If you have m = 100,000 in the case of possible genetic mutations, P(B) is a very small number with little robustness to error. A single bad b_x will propagate to make your total P(B) unreliable. You might have an application where getting a b_234, b_9538 and b _33889 wrong is an acceptable error because most of the values where good.
I feel like this treat predicate logic as being “logic with variables”, but “logic with variables” seems more like Aristotelian logic than like predicate logic to me.
Another way to view it: a logic, possibly a predicate logic, is just a compact way of specifying a set of models (in the logician’s sense of the word “models”, i.e. the things a Bayesian would normally call “worlds”).

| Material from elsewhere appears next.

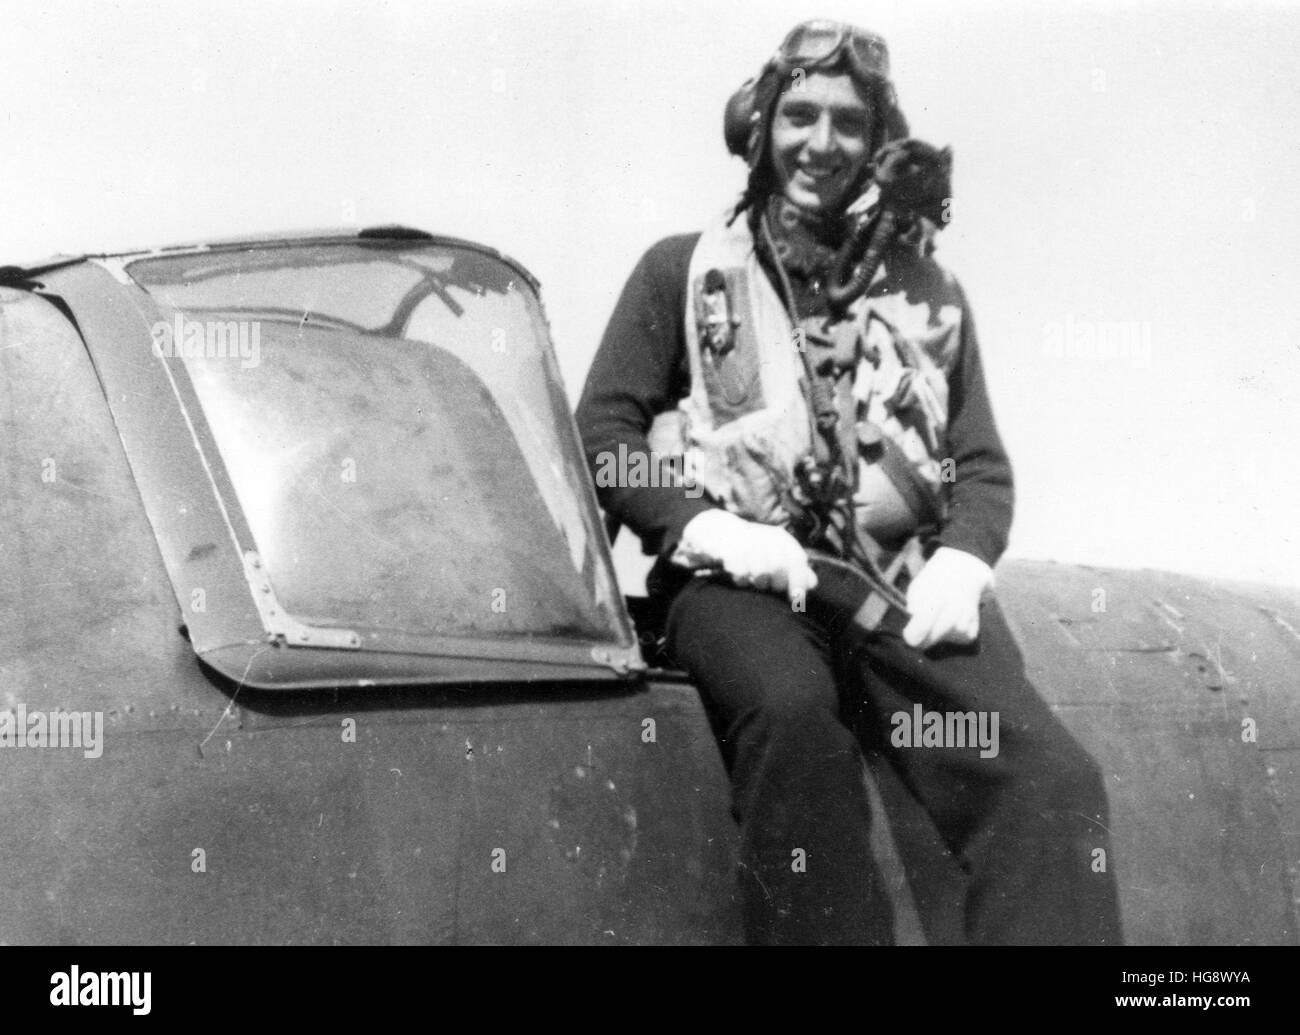 Royal Navy. Fleet Air Arm aviator pilot. WW2 - Stock Image

Roughly speaking, to augment that logic into a probabilistic model, we need to also supply enough information to derive the probability of each (set of logician!models/Bayesian!worlds which assigns the same truth-values to all sentences expressible in the logic).
Does that help?
Idk, I guess the more fundamental issue is this treats the goal as simply being assigning probabilities to statements in predicate logic, whereas his point is more about whether one can do compositional reasoning about relationships while dealing with nebulosity, and it’s this latter thing that’s the issue.
What’s a concrete example in which we want to “do compositional reasoning about relationships while dealing with nebulosity”, in a way not handled by assigning probabilities to statements in predicate logic? What’s the use-case here? (I can see a use-case for self-reference; I’m mainly interested in any cases other than that.)
You seem to be assuming that predicate logic is unnecessary, is that true?
No, I explicitly started with “you have at least one plain old (predicate) logic”. Quantification is fine.
Ah, sorry, I think I misparsed your comment.